Monday, February 27, 2012

BLENDING IMPOVERISHED LINEAGES

(Birmingham, England silverware factory from Victorian era, photo by David Sillitoe)

Yesterday I had what felt like a real "day off", no extra appointments or obligations, just the usual. Rosemary made me refried beans (MY beans!) with cornbread, then dashed out to a nearby barbecue joint for a pound of hot juicy brisket as well as a slice of "diabetic" lemon meringue pie, the latter her idea. The pie was sugar-free and not especially flavourful; I am demanding about lemon, my favourite dessert option, so though there was no immediate spike in my glucose, I won't repeat the experiment.

But the brisket turned Sunday into MEEEET day for me and Dinah both.

Feeling some slack, and having temporary access to UK census/vital records. I started researching Margot's lineage. All I had was the names of her four grandparents -- one of those wrong, as it turns out -- and her insistence that everybody for generations was from the Midlands and/or Black Country. It was my first serious venture into seeing how England has organized its records, a steep learning curve. At least it was in English, but the cultural priorities were noticeably different from even early American values. For instance, no attempt to gather property values on the English censuses, or suss out what is being farmed.




(Tools used in silverware factory, Birmingham, England; photo by David Sillitoe)


Margot's lineage, as of this morning, now has 185 individuals in it extending back into the 1600s on a couple of branches. She is right that she is from overwhelmingly Midlands stock, though a few Welsh and Yorkshire origins have crept in. Her people are working class, in fact poor, and it seems like everyone is named either William, Rose, Joseph or Emma, a bewildering repetition of nondescript names. Children are at work definitely by 14, often by 10 or 11; families are enormous; and women die early. Education is truncated severely.

This is what birth control changed, plain and simple, this handing on of generational despair and poverty. Right there on the page.

The occupations were industrial and sounded stultifying. When there was an identifiable trade, it was zealously handed on to the sons (and sometimes daughters), a way out of the monotony of factory work. Discovering a publican was a relief; he and his former servant wife owned the Bridge Inn, a beerhouse likely near a canal in Ladywood, Birmingham.

My own ancestors were equally poor and limited, but I kept thinking at least they were on farms, had access to clean air and sunlight and fresh food. I know such comparisons cannot be made using modern values, and I had to stop such projections as they arose in me. Follow the record and get it down without interpretation, not until the history comes naturally to me as it does here.

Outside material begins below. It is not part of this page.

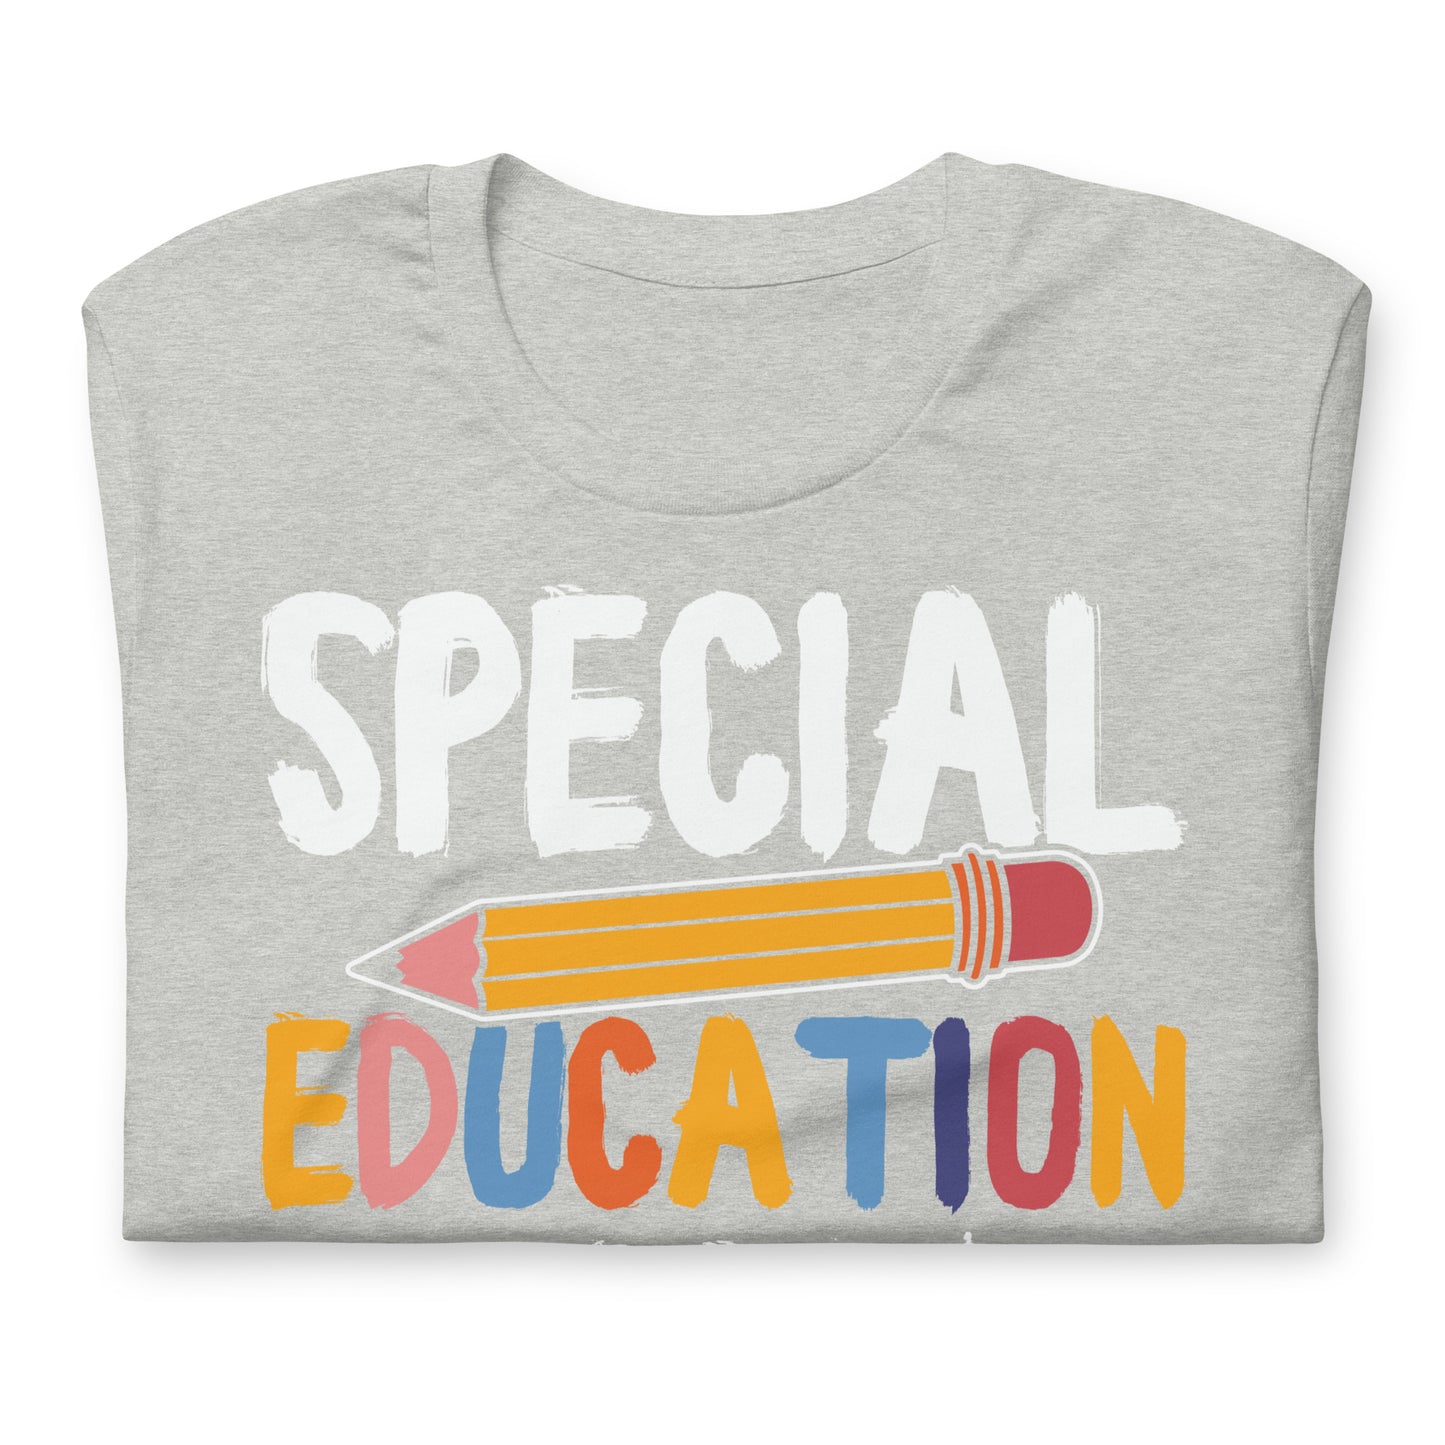 Special Education Crew Teacher Bella Canvas Unisex T-Shirt

But already I can see what a change the first World War wrought on this world.

Margot had warned me she was not especially interested in the details of her ancestry, it's not "her thing" nor it is important to her mother. However, as I unroofed generations, they both got a little sucked in. How can you not?

The most significant part of the day came when M and I discussed whether she wanted me listed as her partner, thus linking my massively researched pedigree to hers out there in cyberworld, permanently. Ancestry, despite being a Mormon-owned company, sidely includes the possibility for same-sex alliances in the software, and in fact there is an option to link friends or partners into a family unit. M said to go for it, even though at some point Mother may want to see the online chart. So I linked us as partners, a first for me in all my decades of genealogy.

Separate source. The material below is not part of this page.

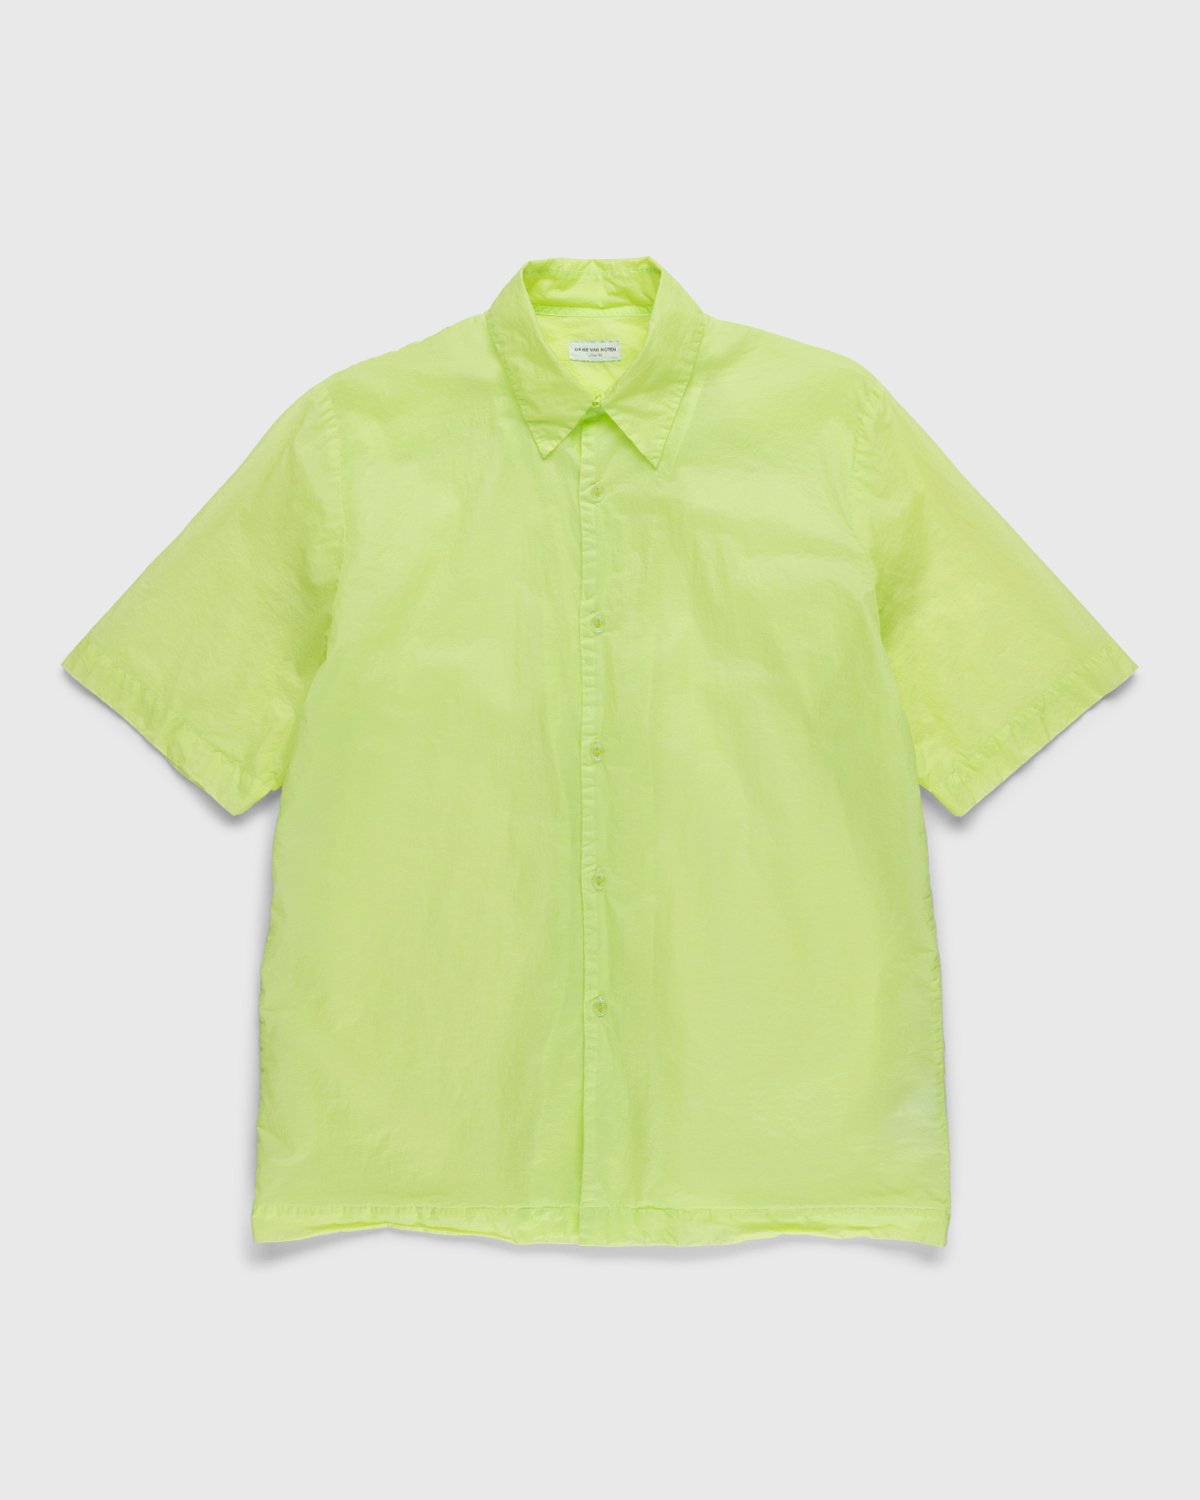 Dries van Noten - Clasen Shirt Lime - Clothing - Green - Image 1

I am still near tears about it. Major symbolic step, my friends.

My dreams last night were too confusing to sort out, full of her kin and my cousins. She has one great-something-grandfather who lived in Wales and gave his occupation as "naturalist", Thomas Crosse; now there's a man I want to know more about, and he was in my dreams, with a long beard and a ratty hat, roaming about cliffs over the sea. Along with my cousin Barney, a huckster and womanizer whose grin still keeps getting him off the hook out there.

Thank g*d I had all that meat, this kind of digging and synthesizing chews through B vitamins. Ahh, Tammi just announced a fresh batch of cornbread is done, do I want a slice? Must go, my people's grain awaits.

1 comment:

Margot said...

This synthesis brings it to life so much more than looking at those names in boxes on the screen. NOW they seem like real people, and I was moved in a way I didn't expect (looking at those weeping people on "Who do you think you are" and thinking "who's he to Hecuba?")

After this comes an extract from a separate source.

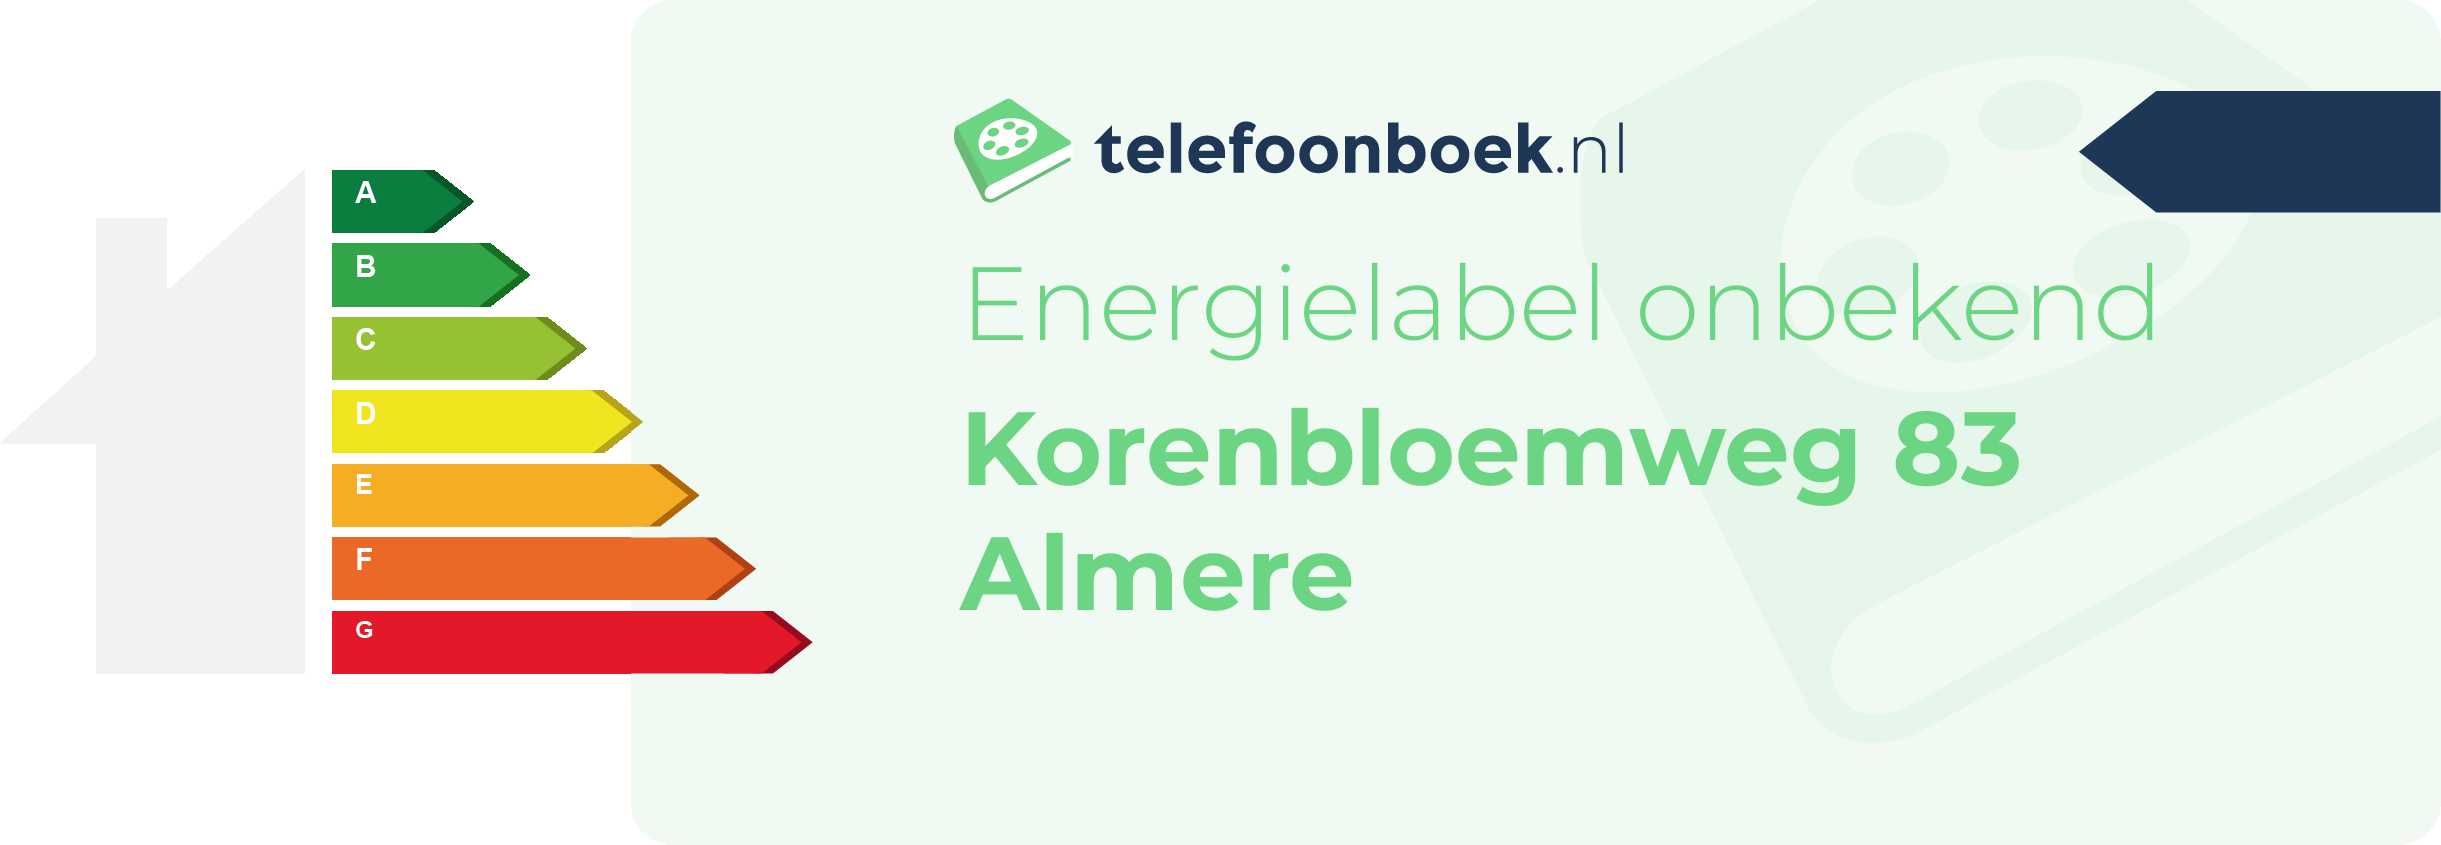 Energielabel Korenbloemweg 83 Almere

I believe these images are from the Museum of the Jewellery Quarter: "When the proprietors of the Smith & Pepper jewellery manufacturing firm decided to retire in 1981 they ceased trading and locked the door, unaware they would be leaving a time capsule for future generations. Tools were left strewn on benches; grubby overalls were hung on the coat hooks; and dirty teacups were abandoned alongside jars of marmite and jam on the shelf.

In the eighty years before its closure little changed with the working practices or equipment used within the family-owned business. Even the décor had more in common with early 20th century trends than a thriving business in the early 1980s. Today the factory is a remarkable museum, which tells the story of the Jewellery Quarter and Birmingham’s renowned jewellery and metalworking heritage."